* **WORK INSTRUCTIONS**:
Copy exactly the lines of the material below that fall between the line with "A 6x9 vintage" and the line with "A gorgeous interplay", both of those lines included; pictures stay out.

* **RECORDS PROVIDED**:
* * * * * * * * *

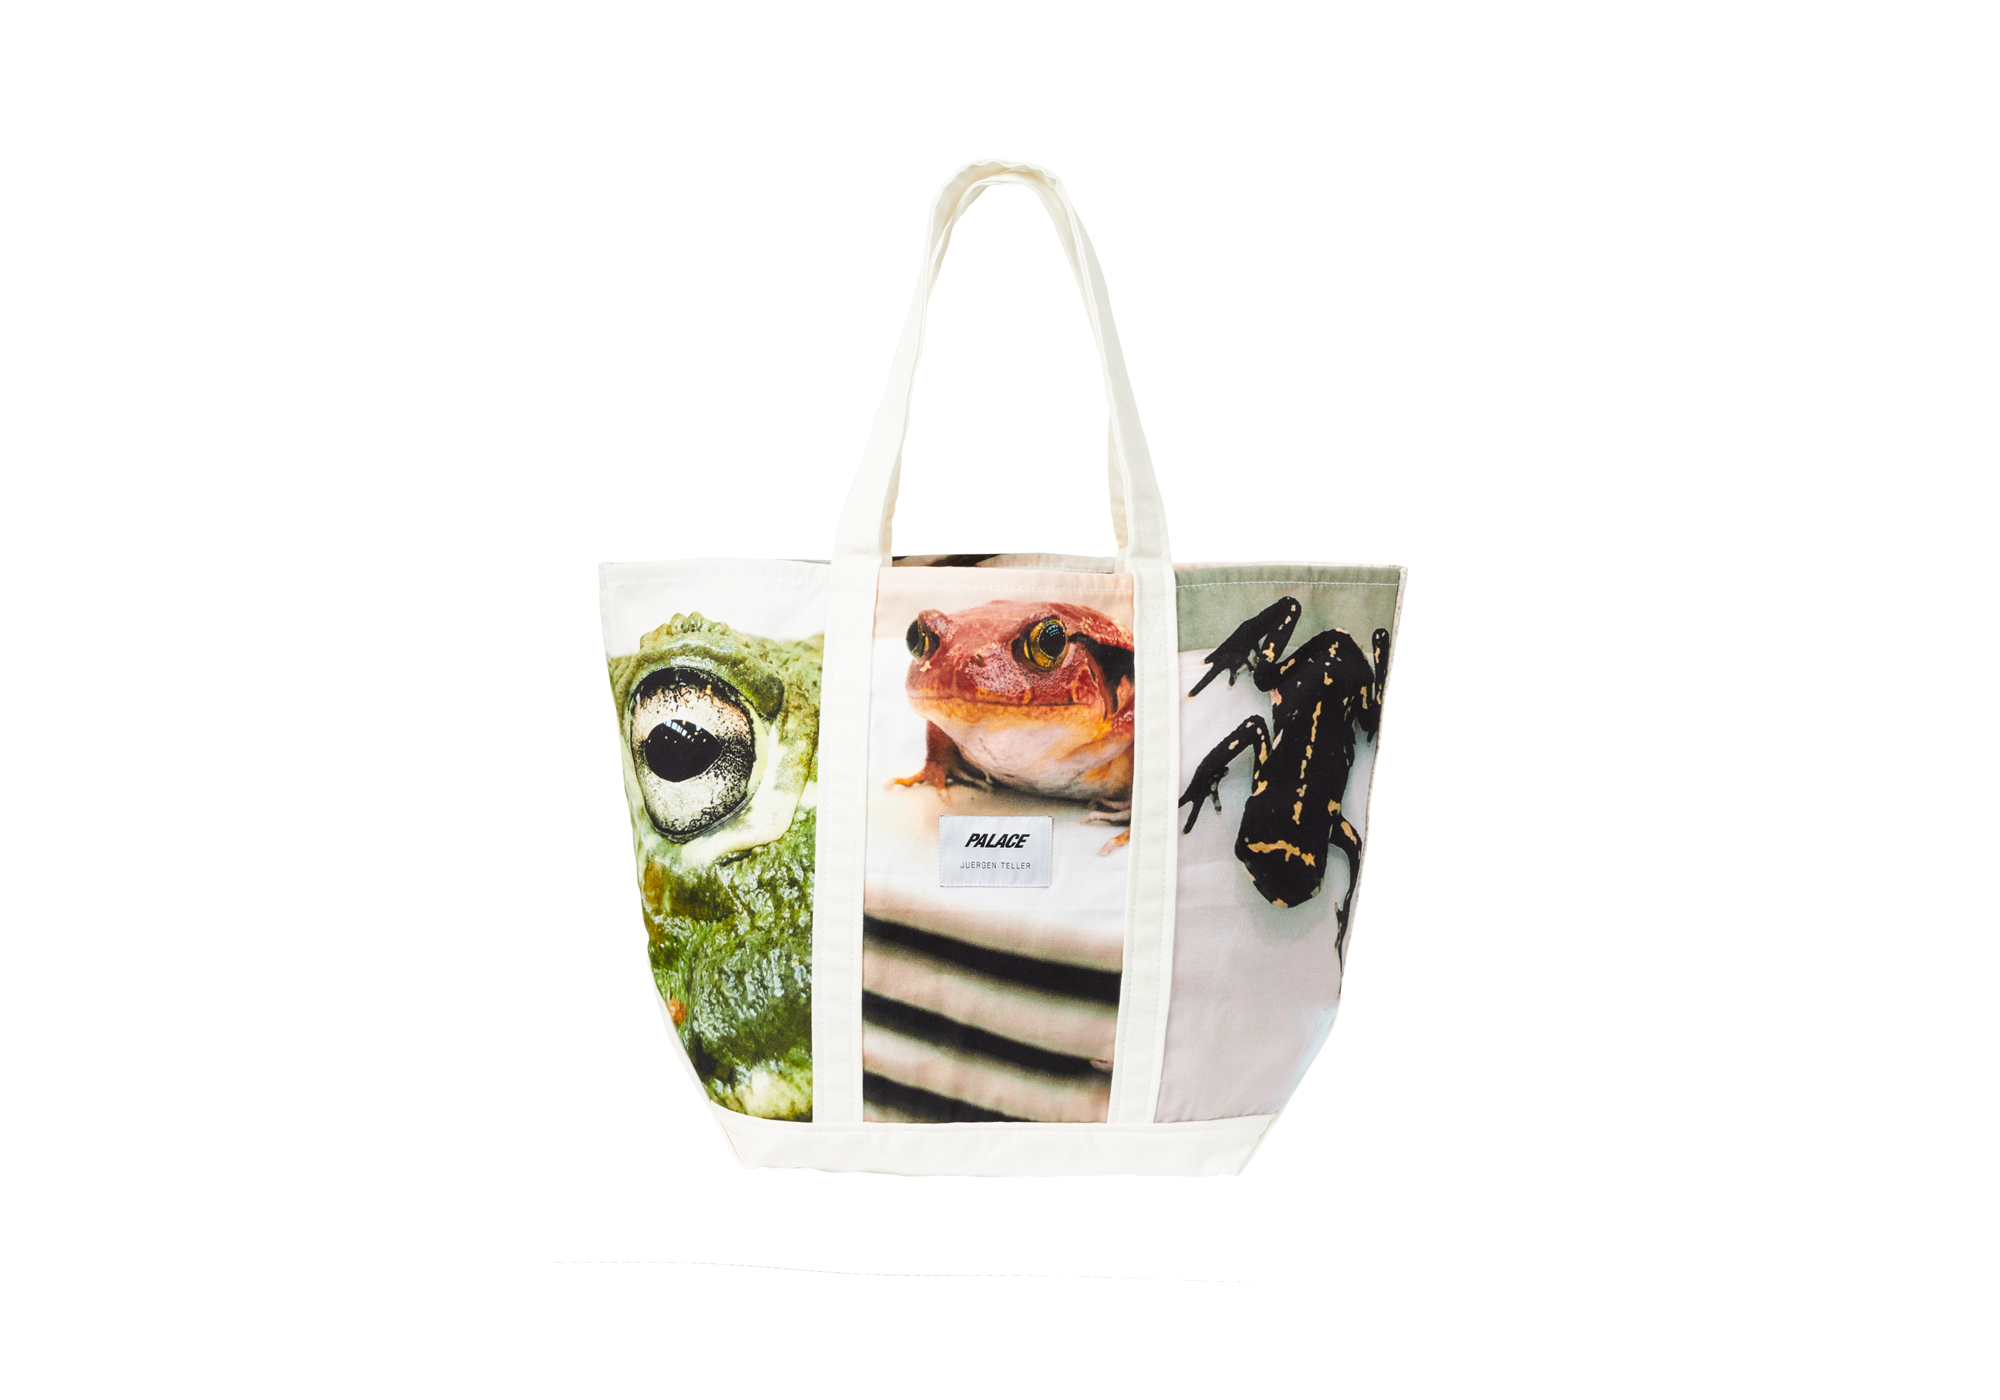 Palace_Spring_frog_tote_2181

* * * * * * * * *

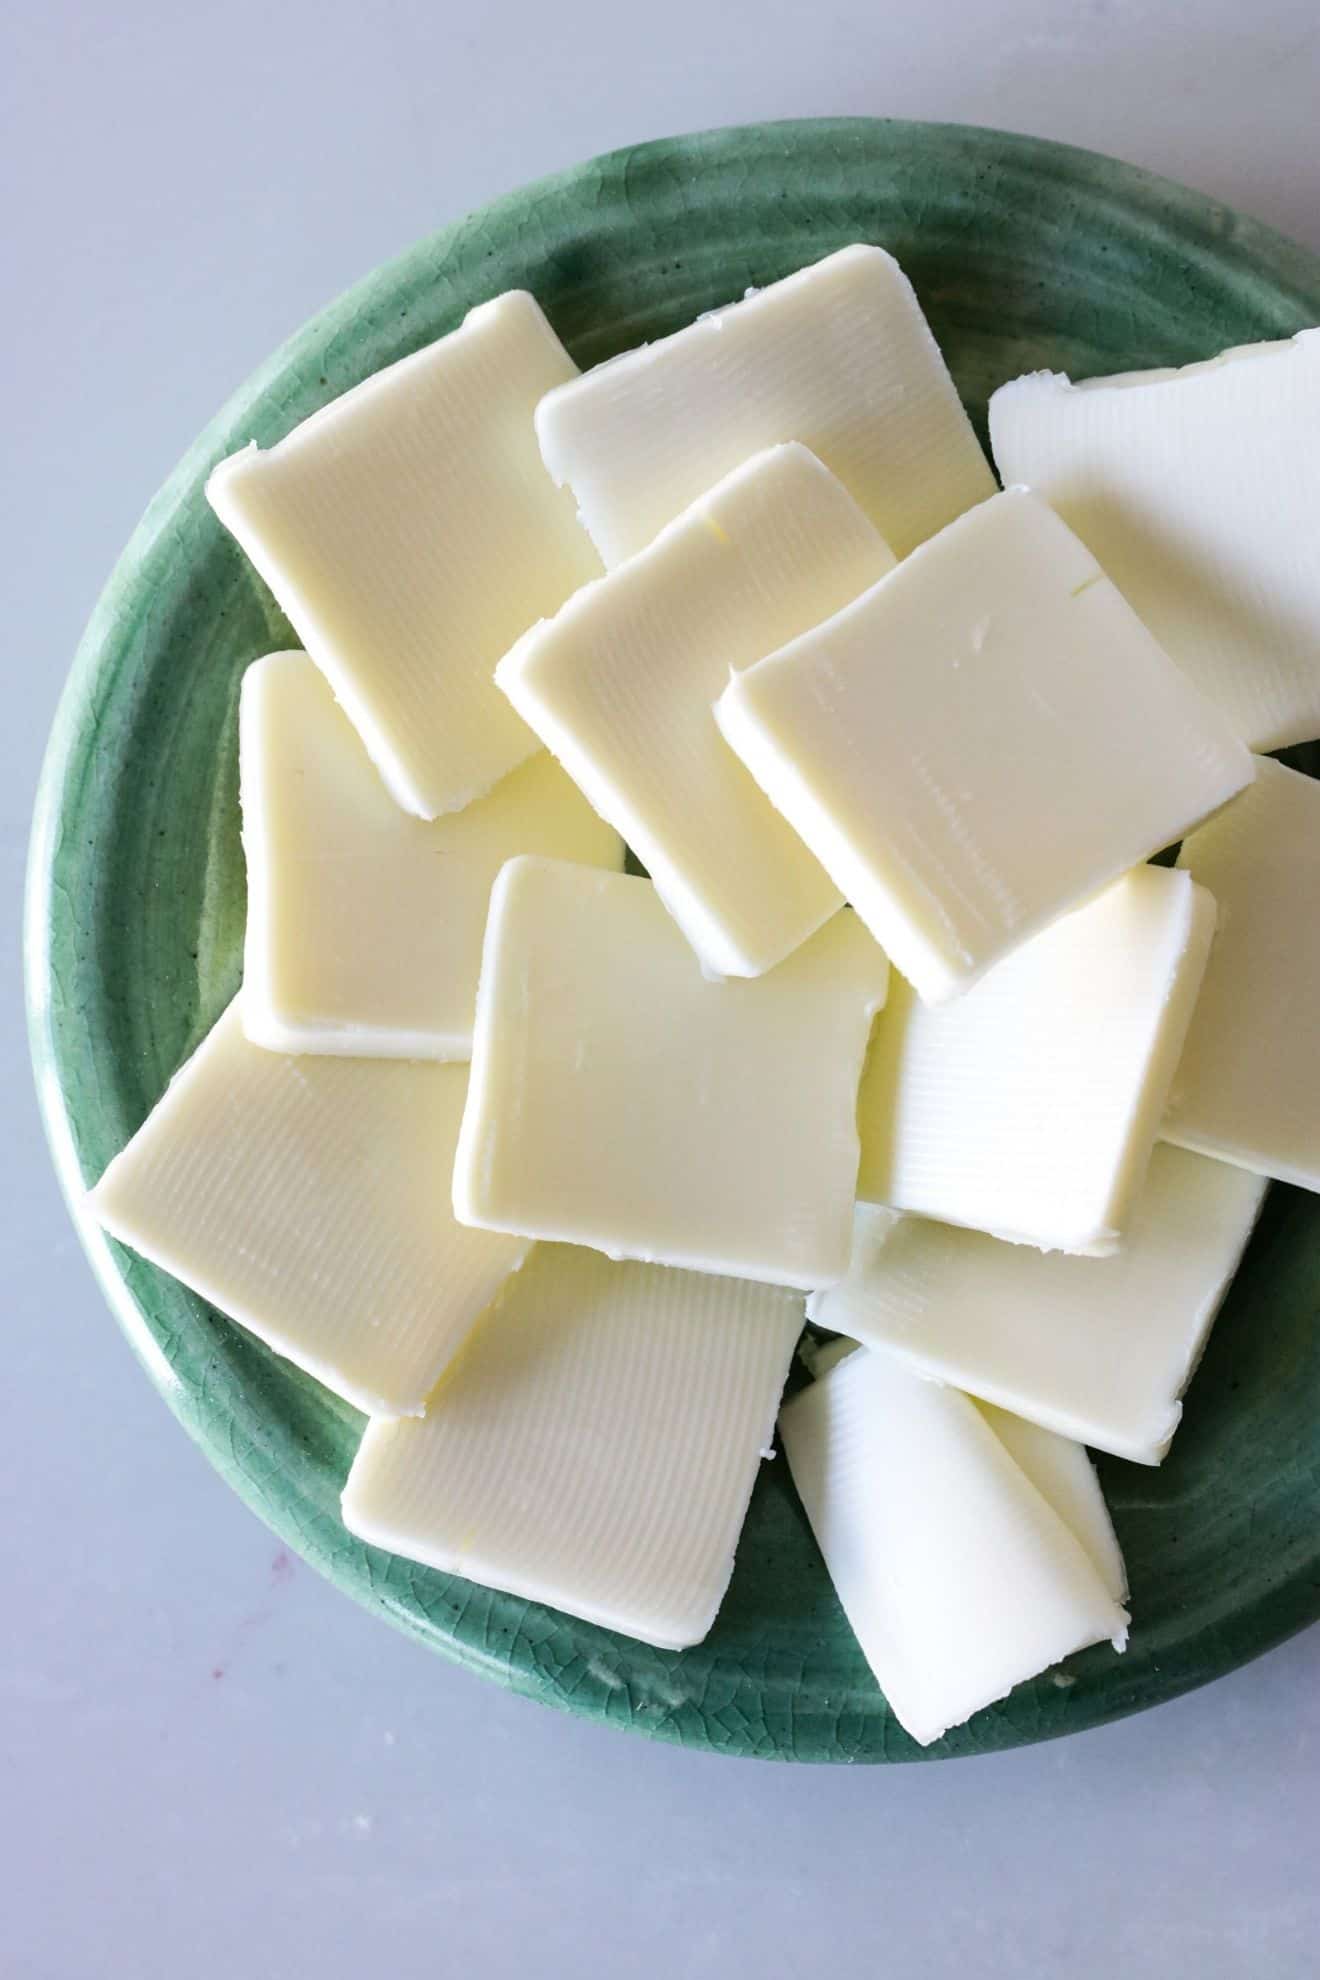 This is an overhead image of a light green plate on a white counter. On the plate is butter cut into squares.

* * * * * * * * *

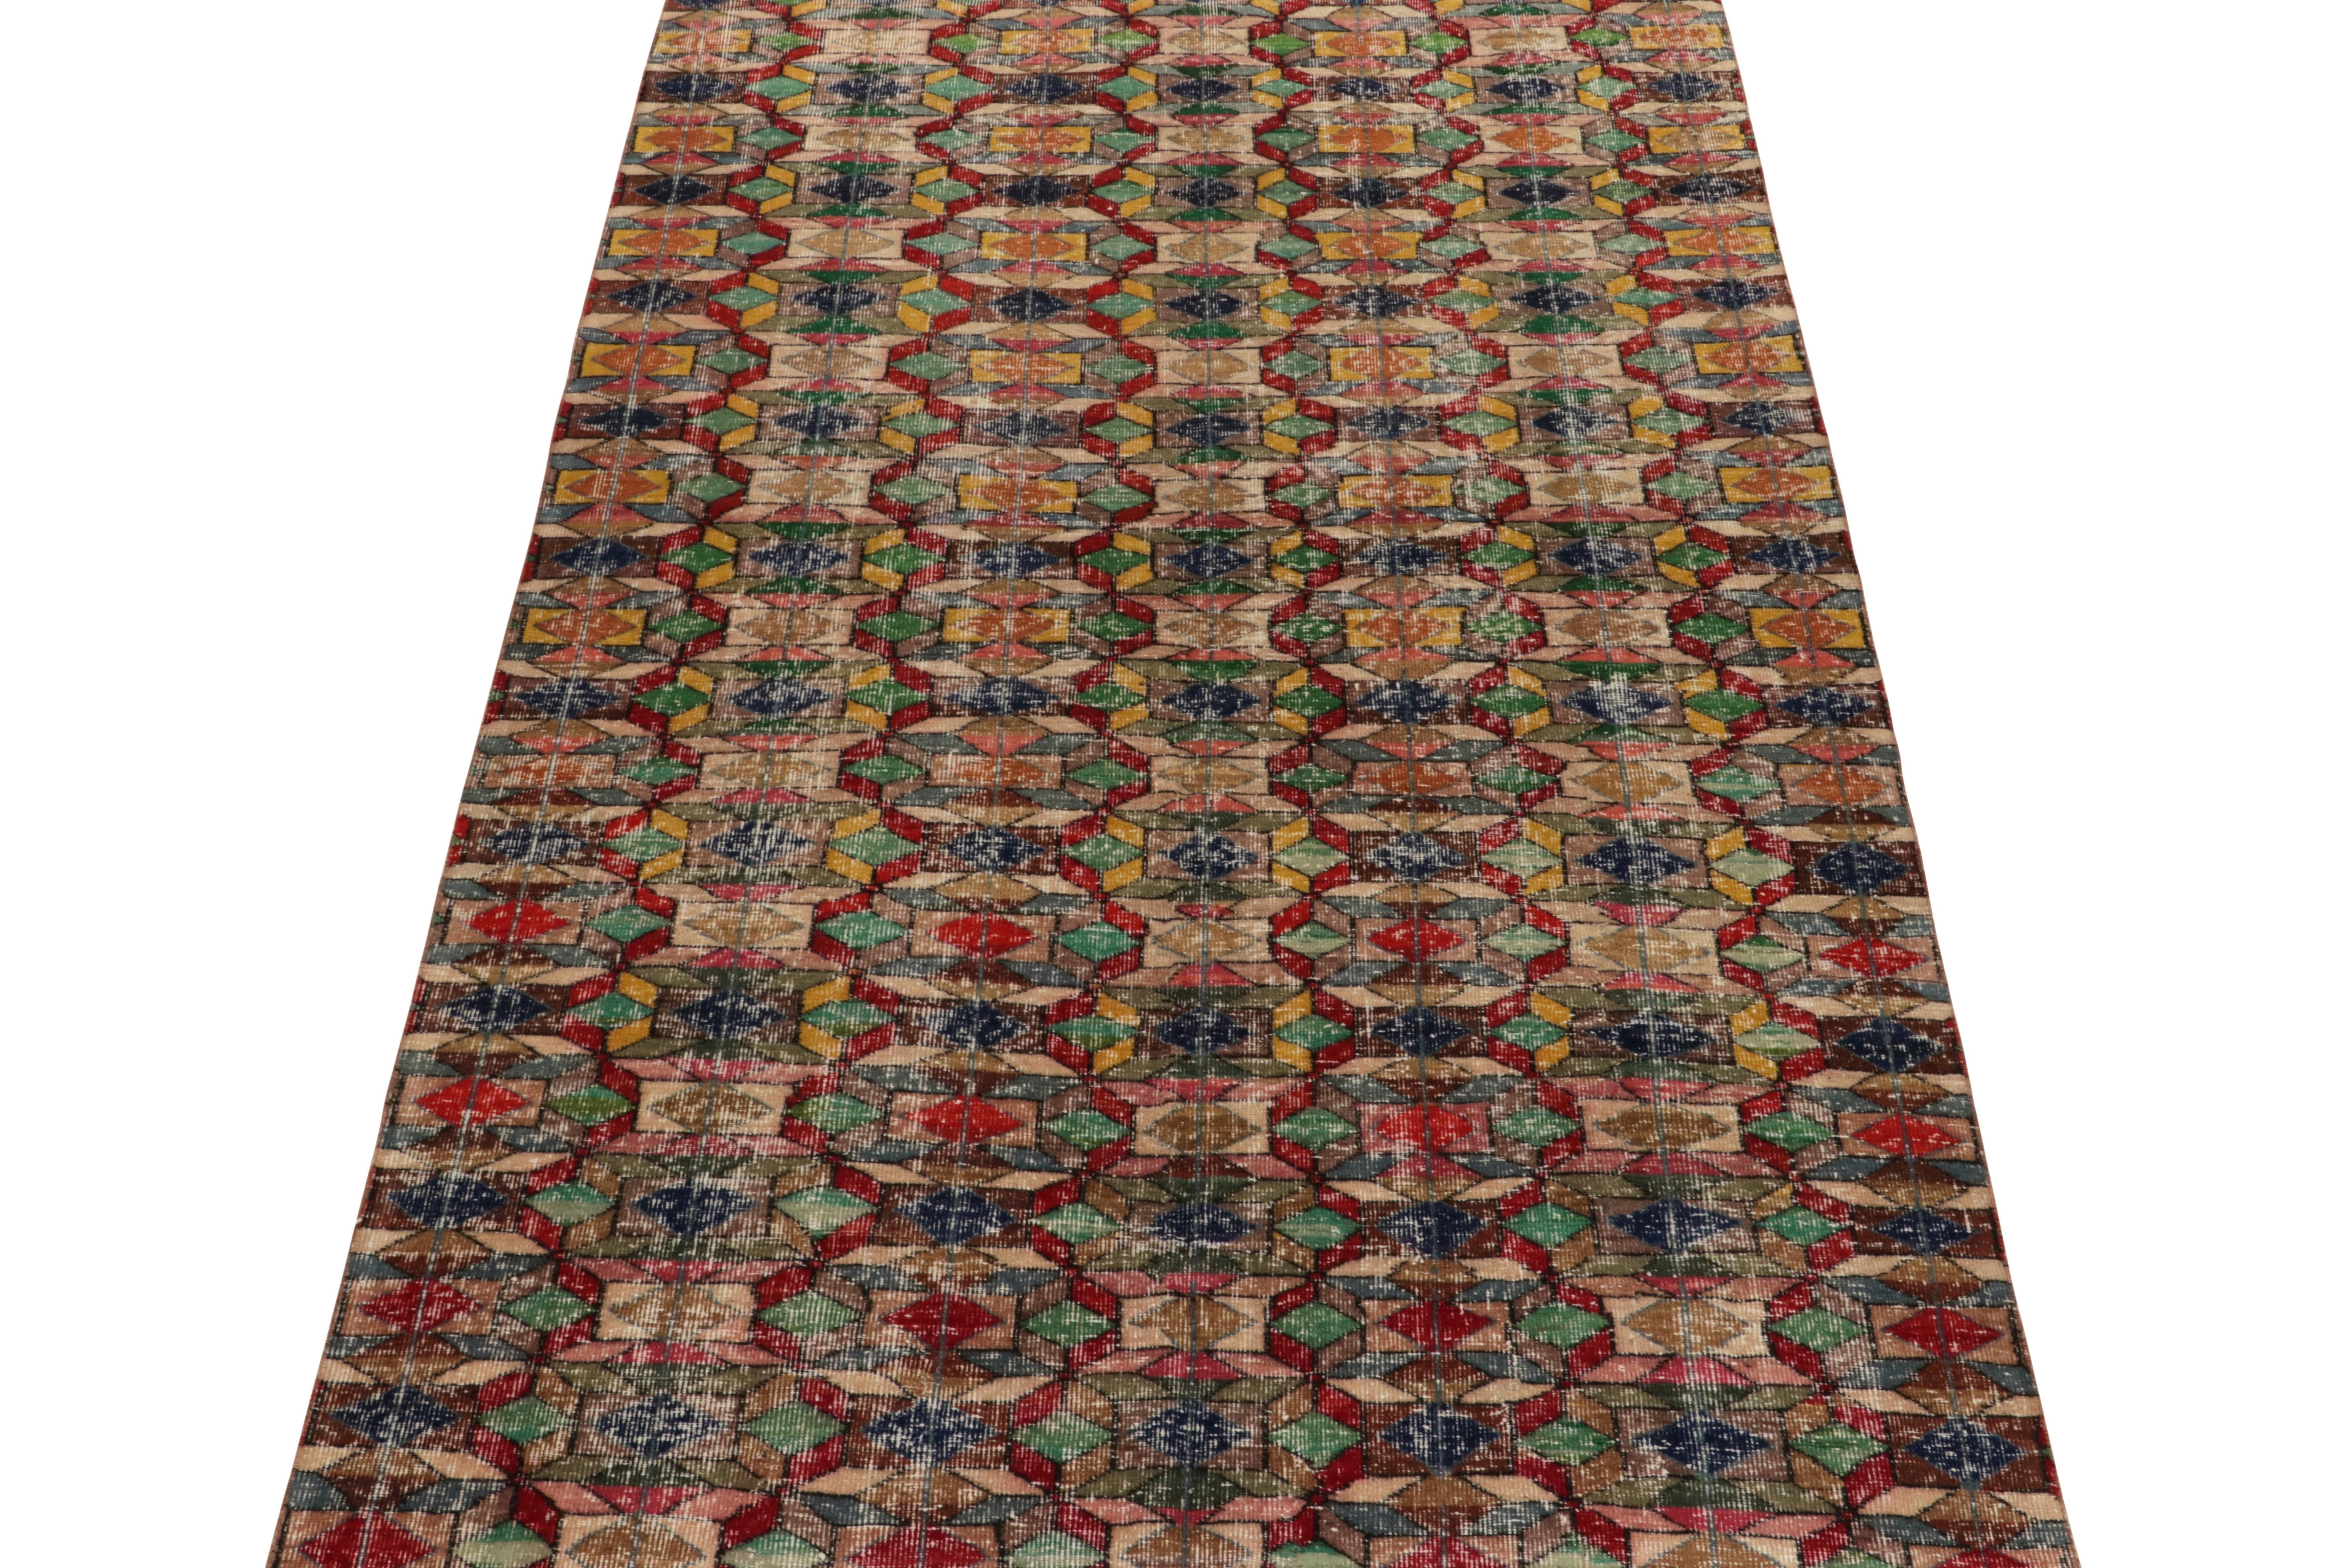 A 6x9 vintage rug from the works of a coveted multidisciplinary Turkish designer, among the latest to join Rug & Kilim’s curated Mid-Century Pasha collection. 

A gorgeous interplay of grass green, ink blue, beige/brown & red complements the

* * * * * * * * *

* **RESULT OF THE EXERCISE**:
 A 6x9 vintage rug from the works of a coveted multidisciplinary Turkish designer, among the latest to join Rug & Kilim’s curated Mid-Century Pasha collection. 

A gorgeous interplay of grass green, ink blue, beige/brown & red complements the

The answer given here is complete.